3.2. In₂O₃-Based Catalyst

The traditional Cu-based catalysts have been extensively studied in CO₂ hydrogenation to methanol [14,78]. However, its further application is limited by the high activity of the RWGS reaction and the poor stability and sintering of the active phase induced by H₂O. Compared with the aforementioned Cu-based catalysts, In₂O₃ has moderate adsorption capacity of CO₂ and CO and significantly better methanol selectivity than Cu, Co, and noble metal catalysts. Therefore, it has attracted extensive attention from researchers.

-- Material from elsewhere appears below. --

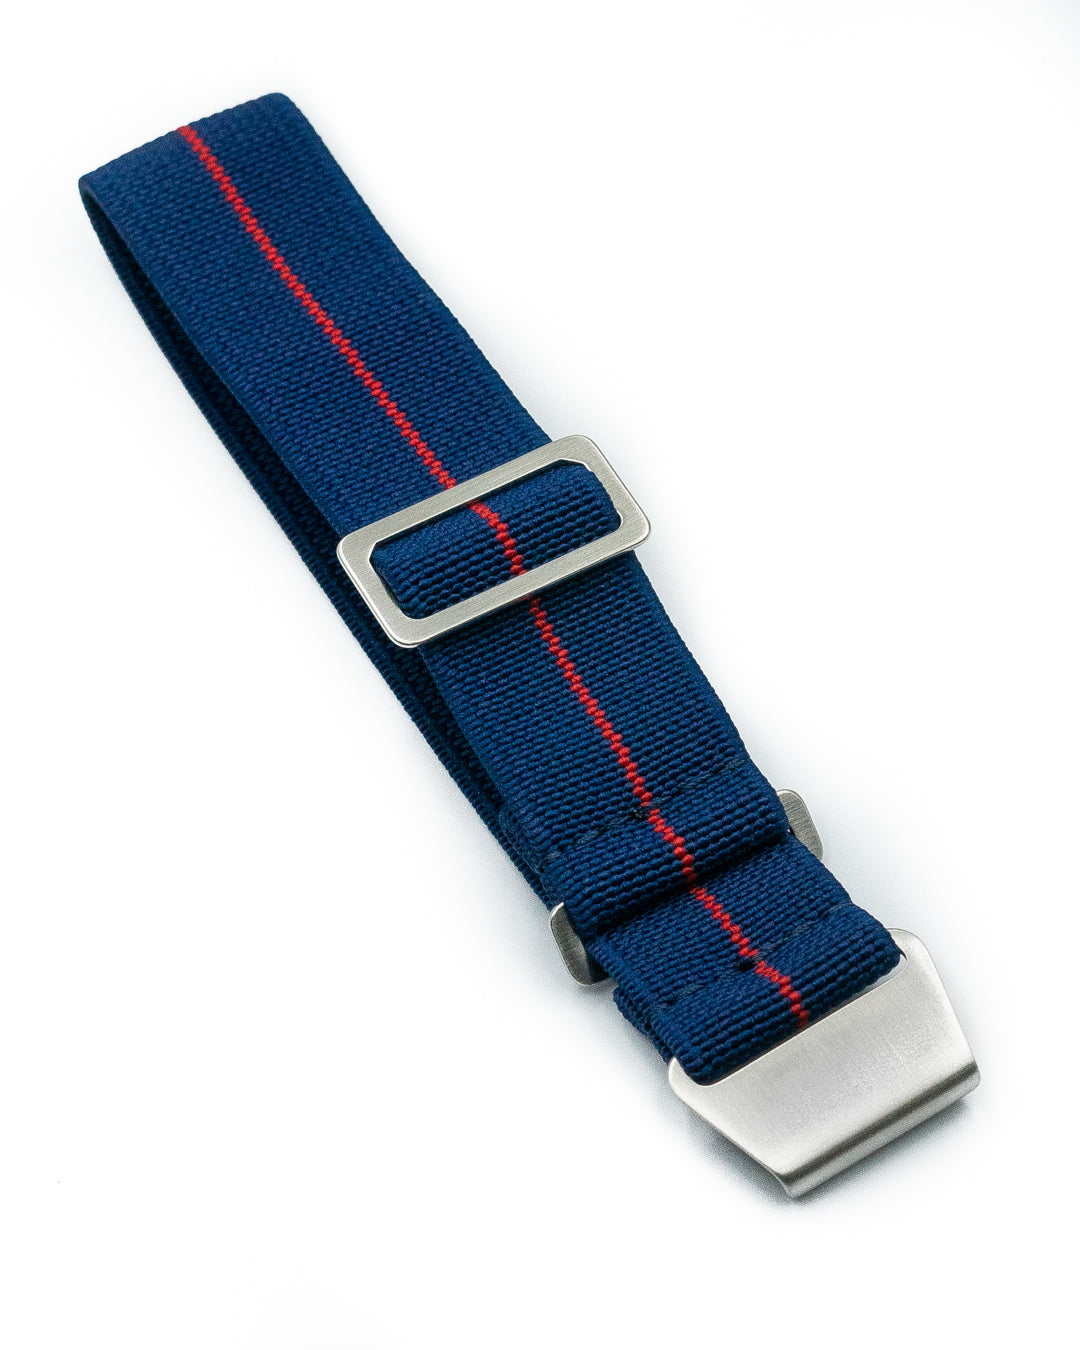 PARA Elastic - Navy Blue with Red Centerline

In addition, In₂O₃ is easy to load and modify the surface, which can further promote the CO₂ and H₂ activation, and stabilize key intermediates, providing great potential for the design and preparation of efficient methanol synthesis catalysts [20,28,79].

3.2.1. Metal Promoters

Compared with traditional catalysts, In₂O₃ demonstrates better ability to adsorb and activate CO₂ owing to its abundant oxygen vacancy on the surface. However, the weak H₂ dissociation ability of In₂O₃ hinders the hydrogenation of carbon species, resulting in a significantly low CO₂ conversion rate of approximately 6%. It is a common strategy to introduce other metal elements into the In₂O₃ system and form M/In₂O₃ structure to enhance H₂ dissociation, adsorption, and overflow capacity.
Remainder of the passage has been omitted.